Identifying Characteristics of Quadratic Functions

Instead of looking at each function separately, we'll look at the characteristics individually and summarize our findings in a table at the end.

First, let's consider the direction of the parabolas. We can see that $A$ and $C$ open upward, and that $B$ opens downward. The direction of a parabola determines whether the vertex is a minimum or a maximum. Thus, the vertices of $A$ and $C$ are minimums while the vertex of $B$ is a maximum. The vertex for each graph is found at the minimum or maximum of the function. For $A,$ the vertex lies at $(2,\text{-}4).$ Similarly, $B$'s vertex lies at $(\text{-}2,2)$, and $C$ has its vertex at $(0,\text{-}6).$ The axis of symmetry is the vertical line that intersects the vertex. Therefore, the axis of symmetry for graph $A$ is $x=2,$ for $B$ it's $x=\text{-}2$ and for $C$ it is $x=0.$ The $y$-intercepts are found where the parabolas intercept the $y$-axis. $A$ has the $y$-intercept $y=0$, $B$ has $y=\text{-}2$ and $C$ has $y=\text{-}6$. One of the options, $y=4,$ does not coincide with any graph.
The zeros are found where the parabolas intercept the $x$-axis. Then, function $A$ has zeros $x=4$ and $x=0$, which are two of the zeros given in the prompt. Neither function $B$ nor function $C$ has a zero at $x=\text{-}6$.

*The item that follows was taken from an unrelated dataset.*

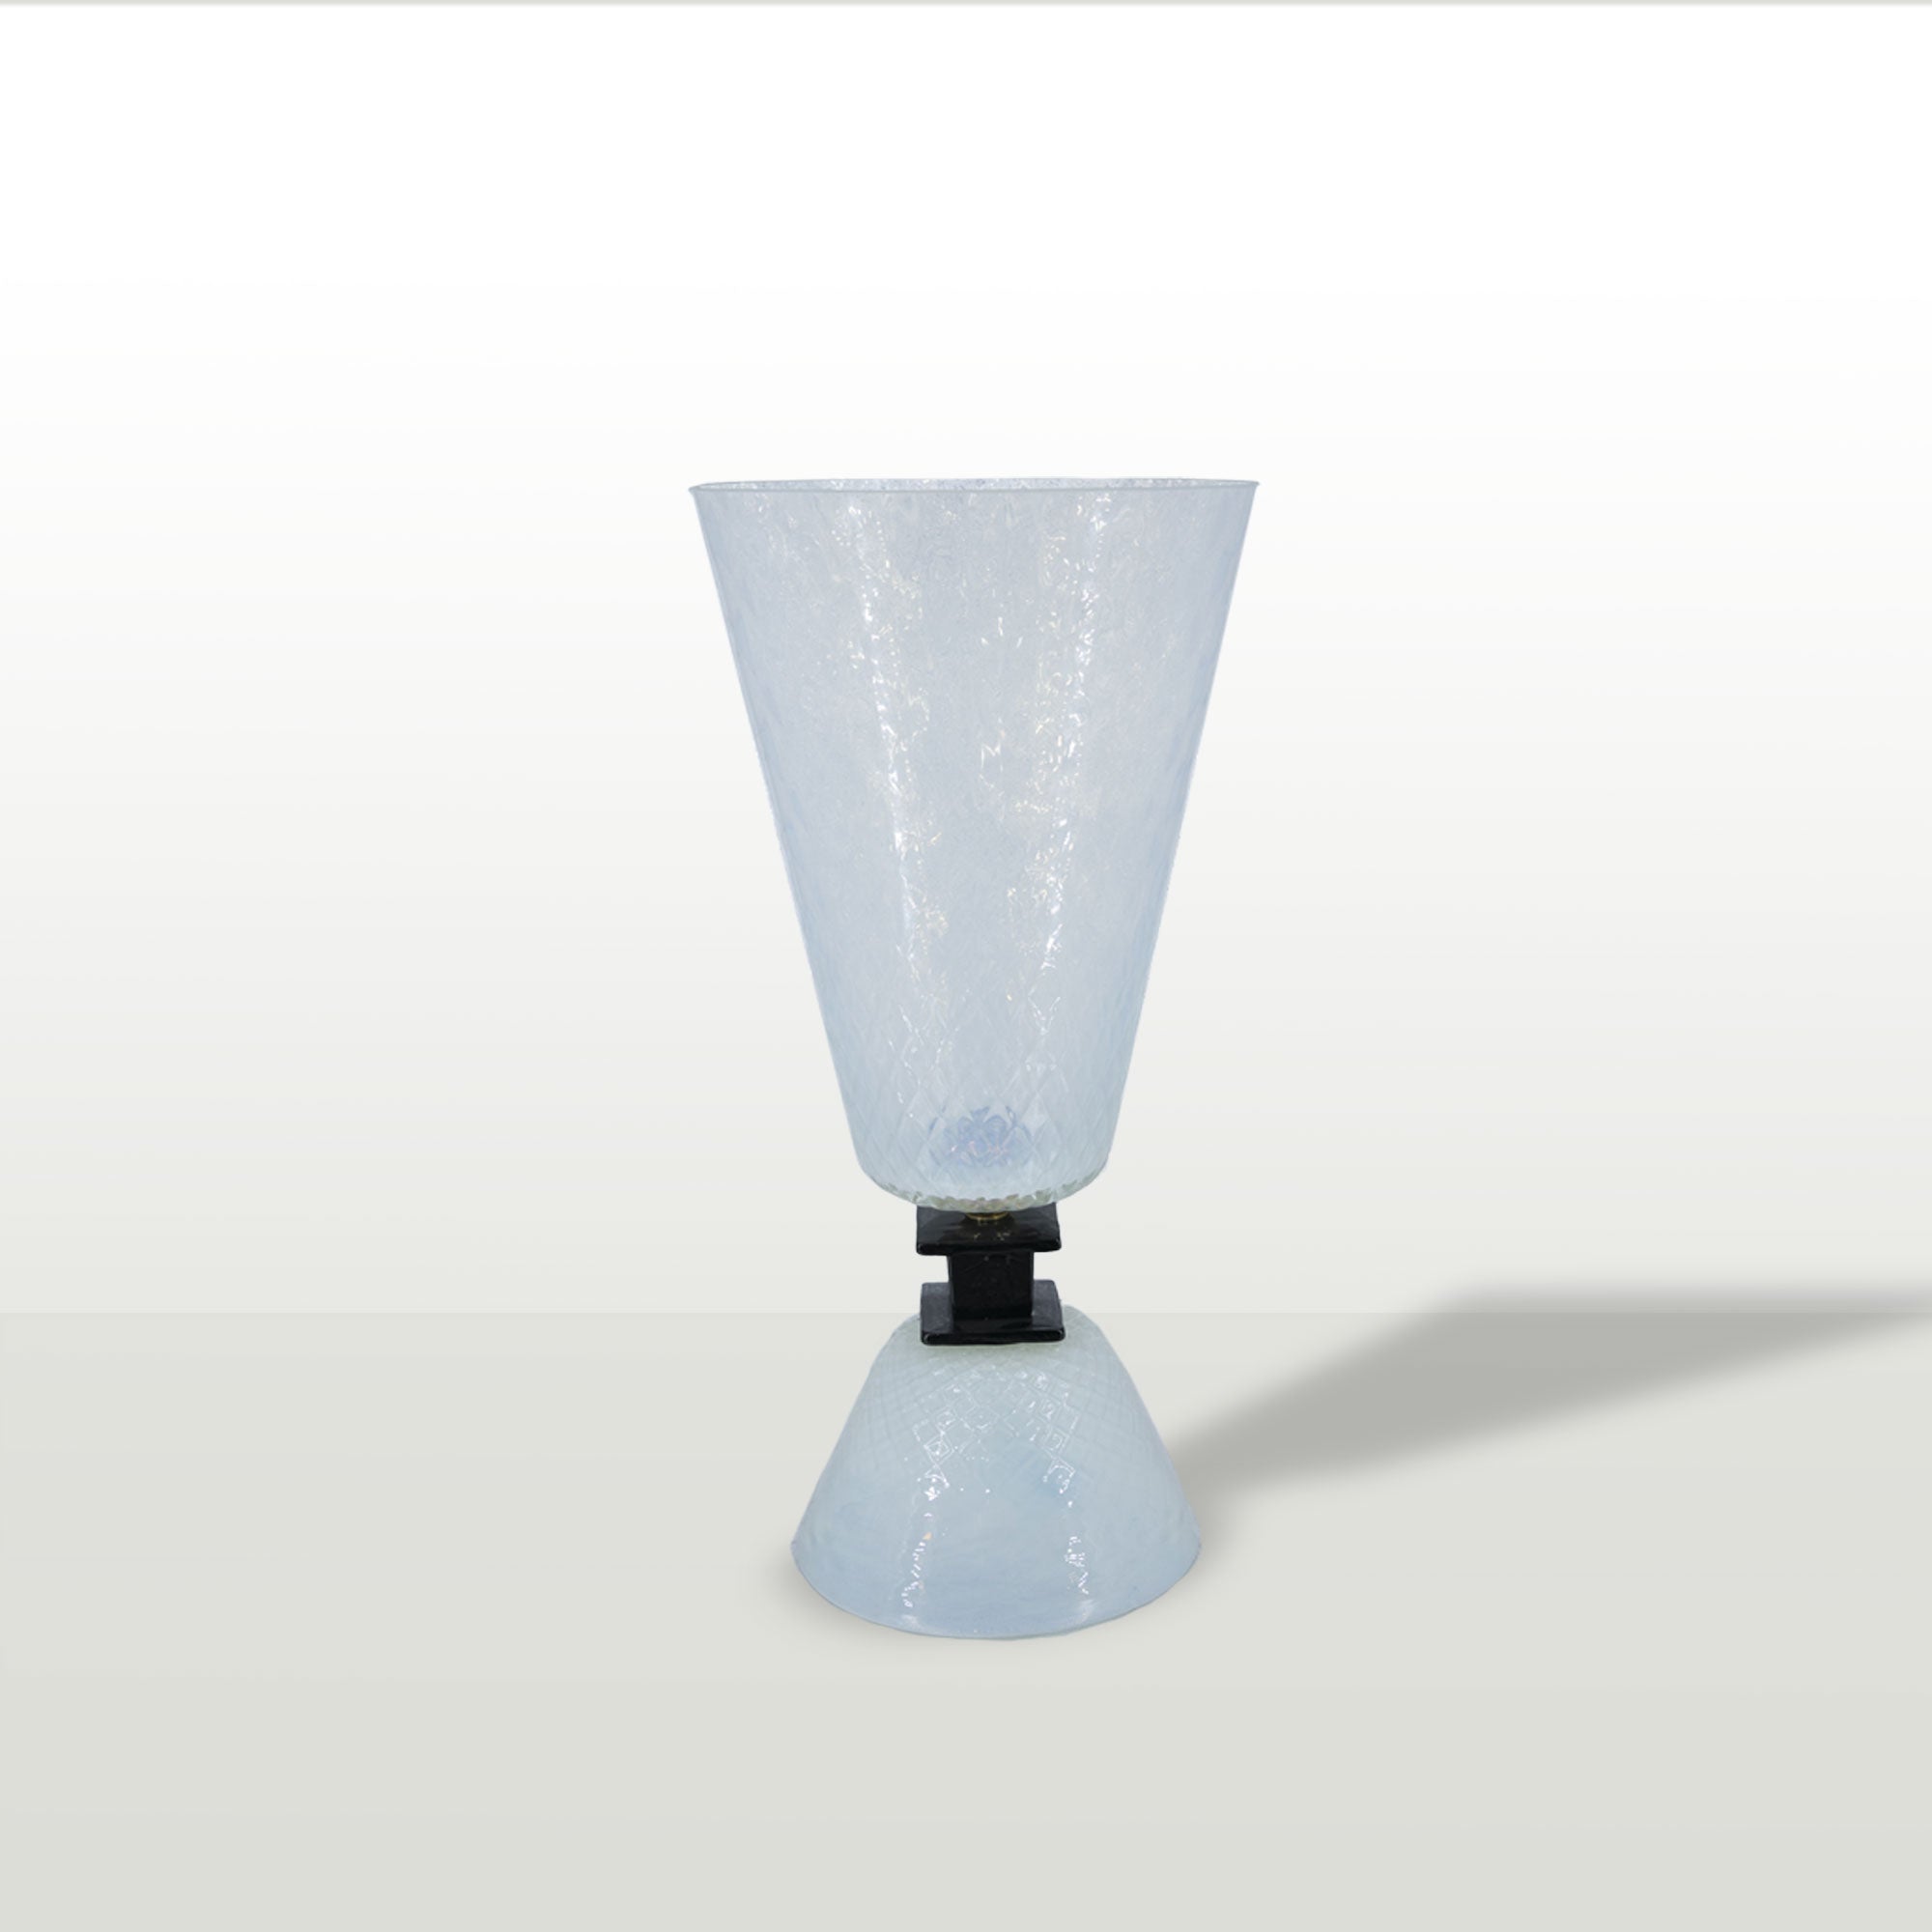 Lampada a forma di vaso, vetro opalino. Produzione recente made in Italy

We summarize what we have learned about the characteristics of the three quadratic functions.

Function	$A$	$B$	$C$
direction	upward	downward	upward
max/min	minimum	maximum	minimum
vertex	$(2,\text{-}4)$	$(\text{-}2,2)$	$(0,\text{-}6)$
axis of symmetry	$x=2$	$x=\text{-}2$	$x=0$
$y$-intercept	$y=0$	$y=\text{-}2$	$y=\text{-}6$
zeros	$x=0$ and $x=4$	not applicable	not applicable